[About this exercise]
Pictures stay out; please output the remaining data exactly.

[Data extract]
Segment Open
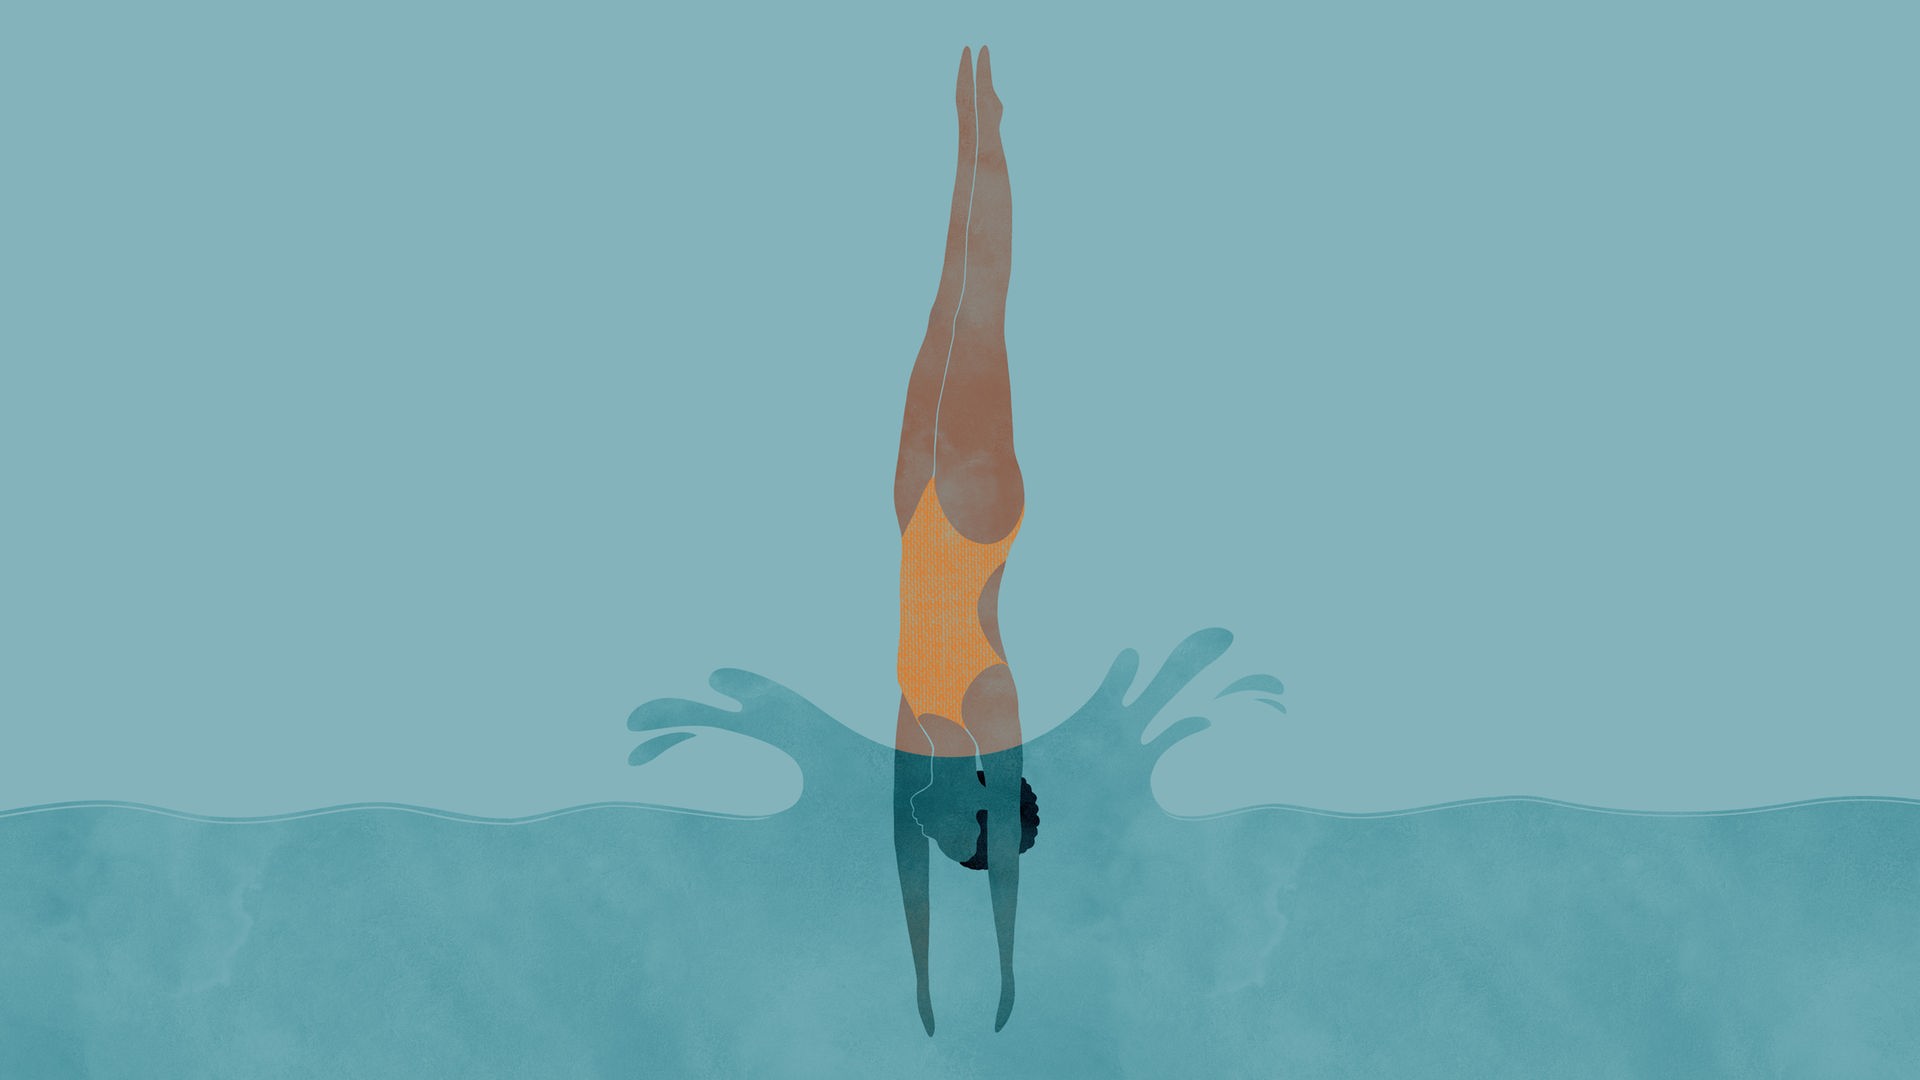 Die Turmspringerinnen: Die Zeichnung zur Episode 6 des Podcasts zeigt eine Turmspringerin, die am Ende ihres Sprungs gestreckt kopfüber ins Wasser eintaucht.
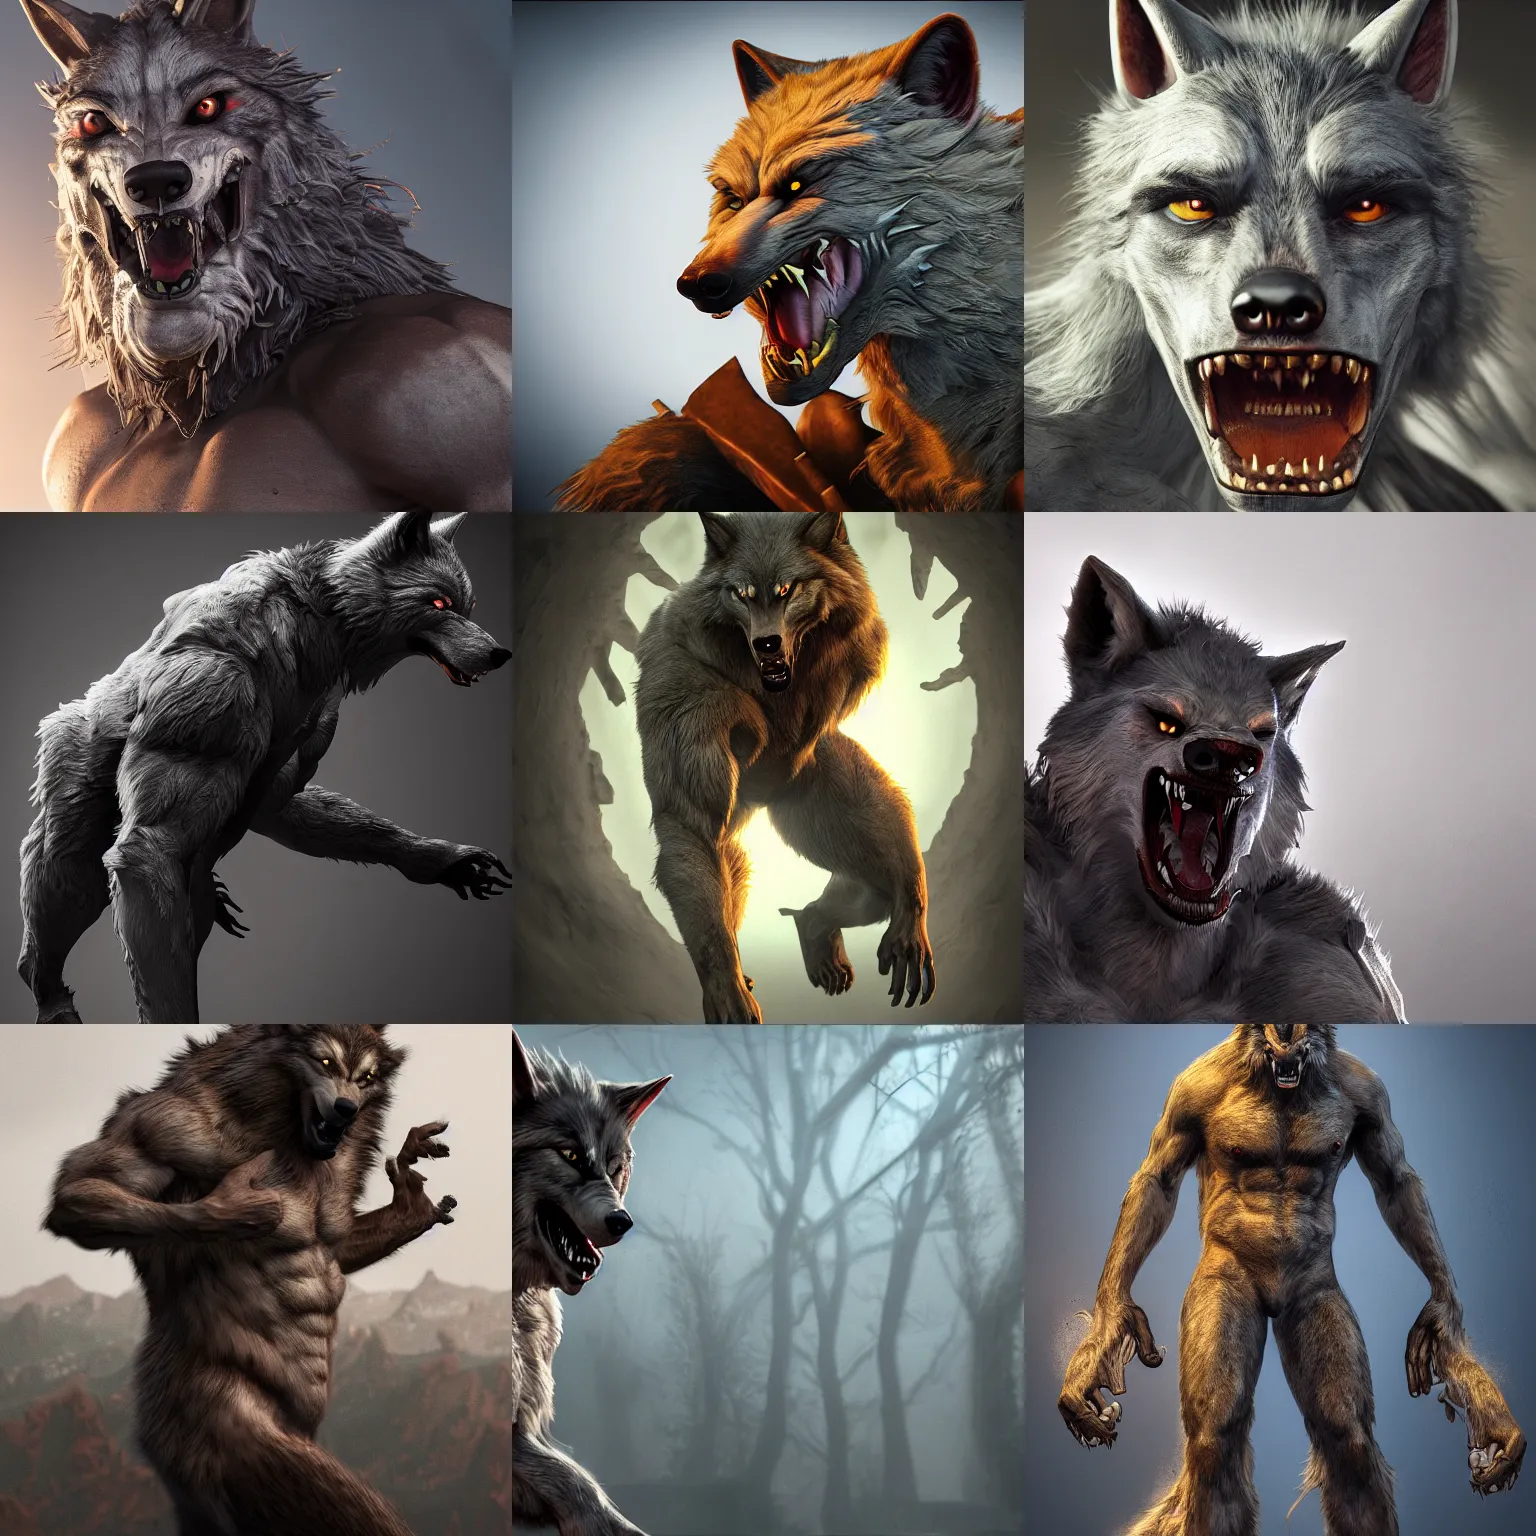 Prompt: Werewolf, high detail, ultra fantasy realism, high modernization, myths and legends, top level rendering, dynamic lighting, high saturation, cinematic, artstation, octane Render Substance Designer
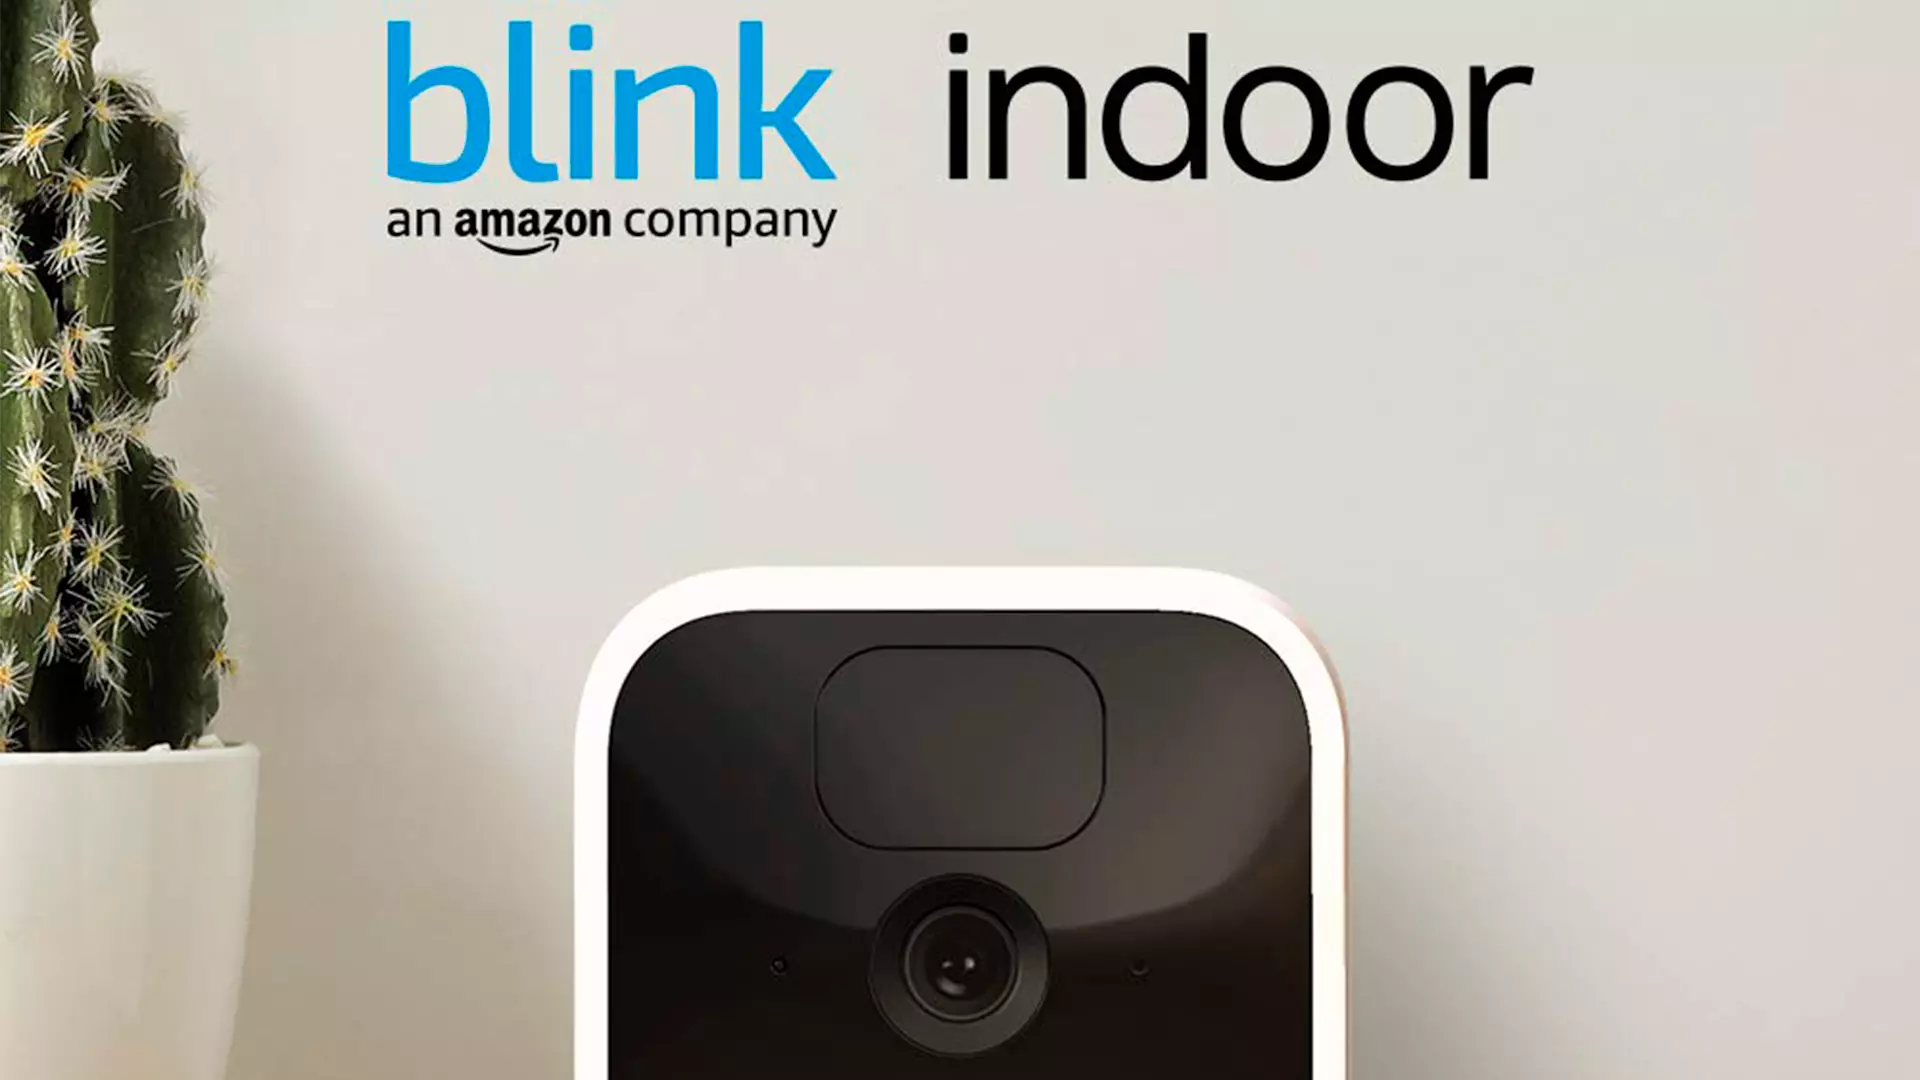 Oferta Especial Blink Indoor | Cámara de seguridad HD inalámbrica con 2 años de autonomía, detección de movimiento, audio bidireccional, compatible con Alexa por solo 49,99€
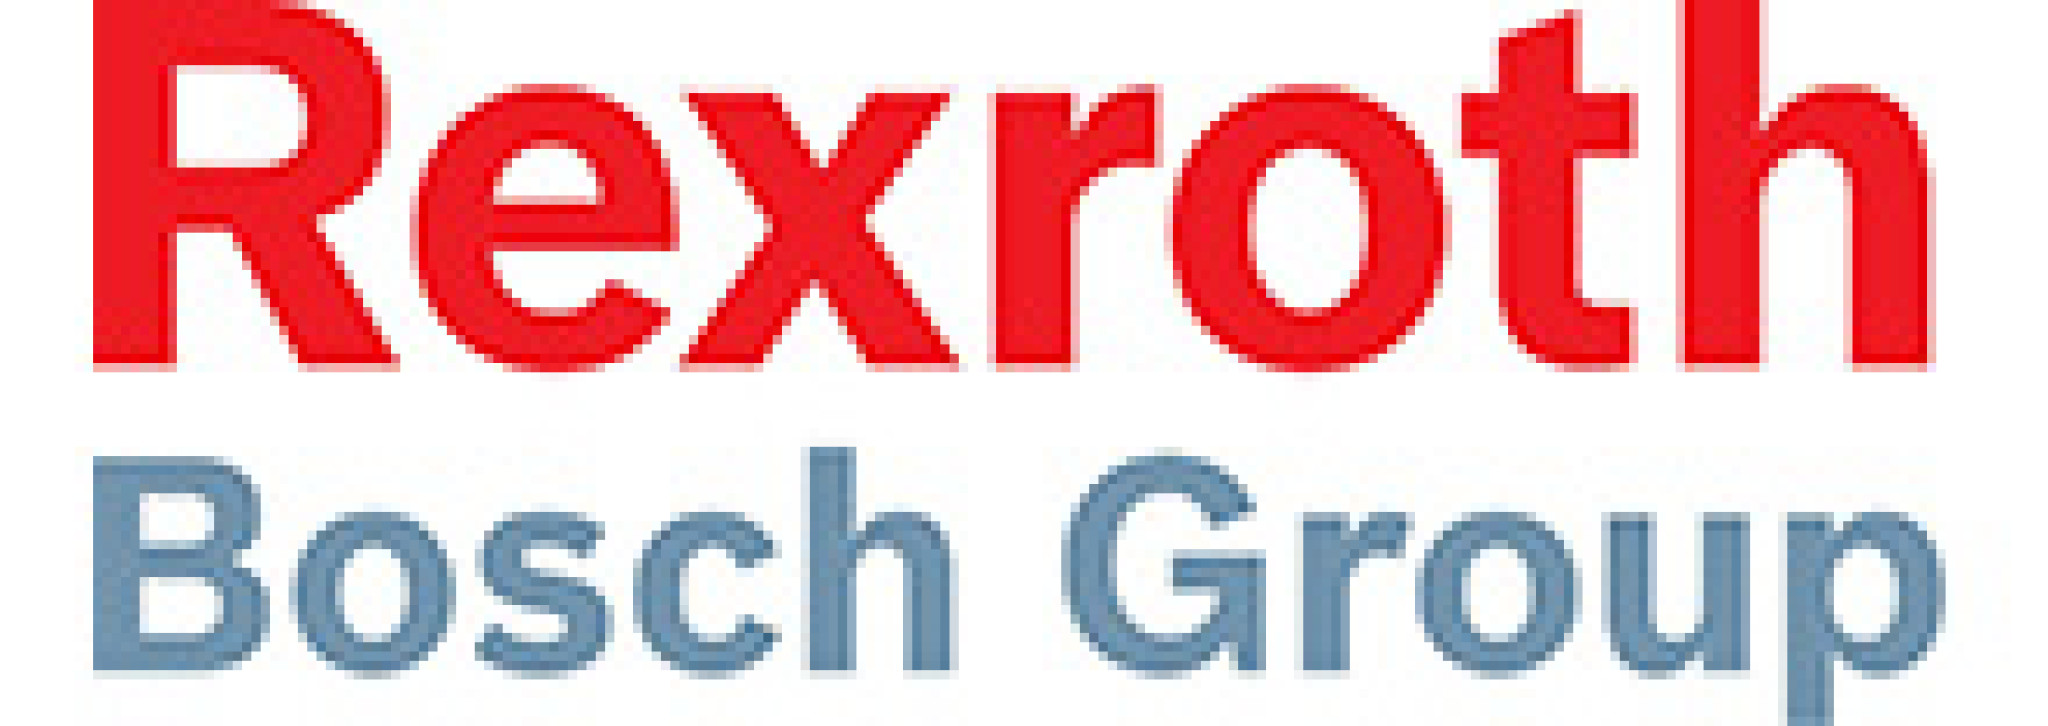 logo_bosch_rexroth_ltda.jpg
Segment Closed
[Solution to this exercise]
 Die Turmspringerinnen: Die Zeichnung zur Episode 6 des Podcasts zeigt eine Turmspringerin, die am Ende ihres Sprungs gestreckt kopfüber ins Wasser eintaucht.
 Prompt: Werewolf, high detail, ultra fantasy realism, high modernization, myths and legends, top level rendering, dynamic lighting, high saturation, cinematic, artstation, octane Render Substance Designer
 Oferta Especial Blink Indoor | Cámara de seguridad HD inalámbrica con 2 años de autonomía, detección de movimiento, audio bidireccional, compatible con Alexa por solo 49,99€
 logo_bosch_rexroth_ltda.jpg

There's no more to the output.